You cannot believe how much better I have felt over the past two weeks.
I've gone from being afraid to hope for any improvement; to being moderately impressed; to being out-and-out dumfounded by how much this has helped me.
The bone-deep, exhaustion is completely gone.
I still get tired; but when I get tired - I rest and then - voila, I am no longer tired. OMG! I can take a shower without needing a nap afterwards! I can go for a walk with the dog and I come back feeling refreshed instead of needing to lie down for a good 15 minutes afterwards!
But, now I'm scared. I'm scared to overdo things and end up where I started. I'm scared that if I try to do too much I won't feel well again and that the next shot won't fix it.
I have YEARS worth of housecleaning to catch up on. And I'm taking it slowly. On weeknights, I'm only doing about 10 - 20 minutes worth of 'catching up' on top of my normal level of effort (which was literally about 10 minutes a day). On weekends, I'm only doing about 30 minutes worth of 'catching up' on top of my normal level of effort each day (which was around 20 minutes to an hour a day).
I've lived for the past six years with the knowledge that if I overdo things, that I won't be able to get my work done or I would be stuck in bed because I overdid things.
And I'm scared to death that if I overdo things now that I'll be stuck back in the disasterous situation I just pulled myself out of.

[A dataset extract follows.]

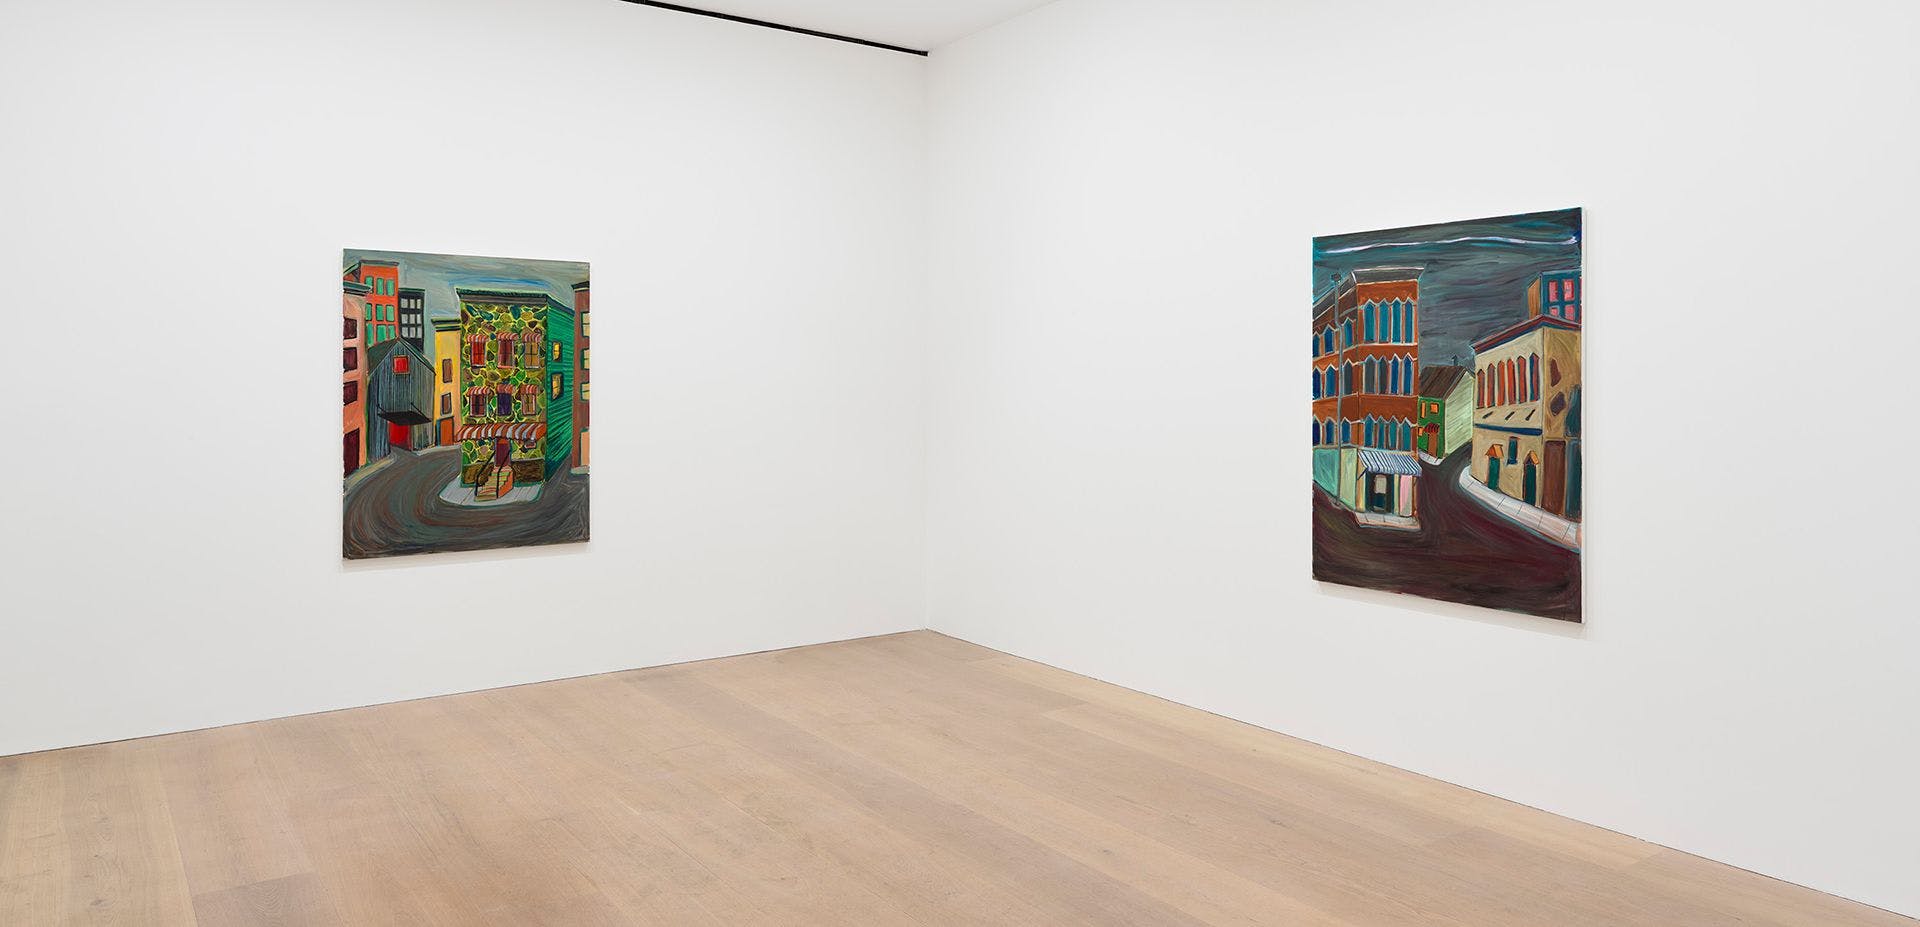 An installation view of the exhibition Josh Smith: Spectre at David Zwirner London, in 2020.

I figure I'll work my way up to my old ways slowly. Hopefully by the end of May I can double my effort on a daily basis. And maybe - by the end of June I can actually devote four or five hours each weekend to catching up? I figure the house/apartment has been this much of a disaster for this long, taking my time and not risking overdoing things won't kill us. If I'm really better - then it will still get done.
And then - can you believe this? Maybe by August or September I can start thinking about working out at a gym again?!
I'm so excited, but so scared that it won't last.... that I feel almost 'stuck'. Hopefully by working through it gradually I can figure out what level of effort I can maintain and figure out what my new 'normal' is and lose some of that fear.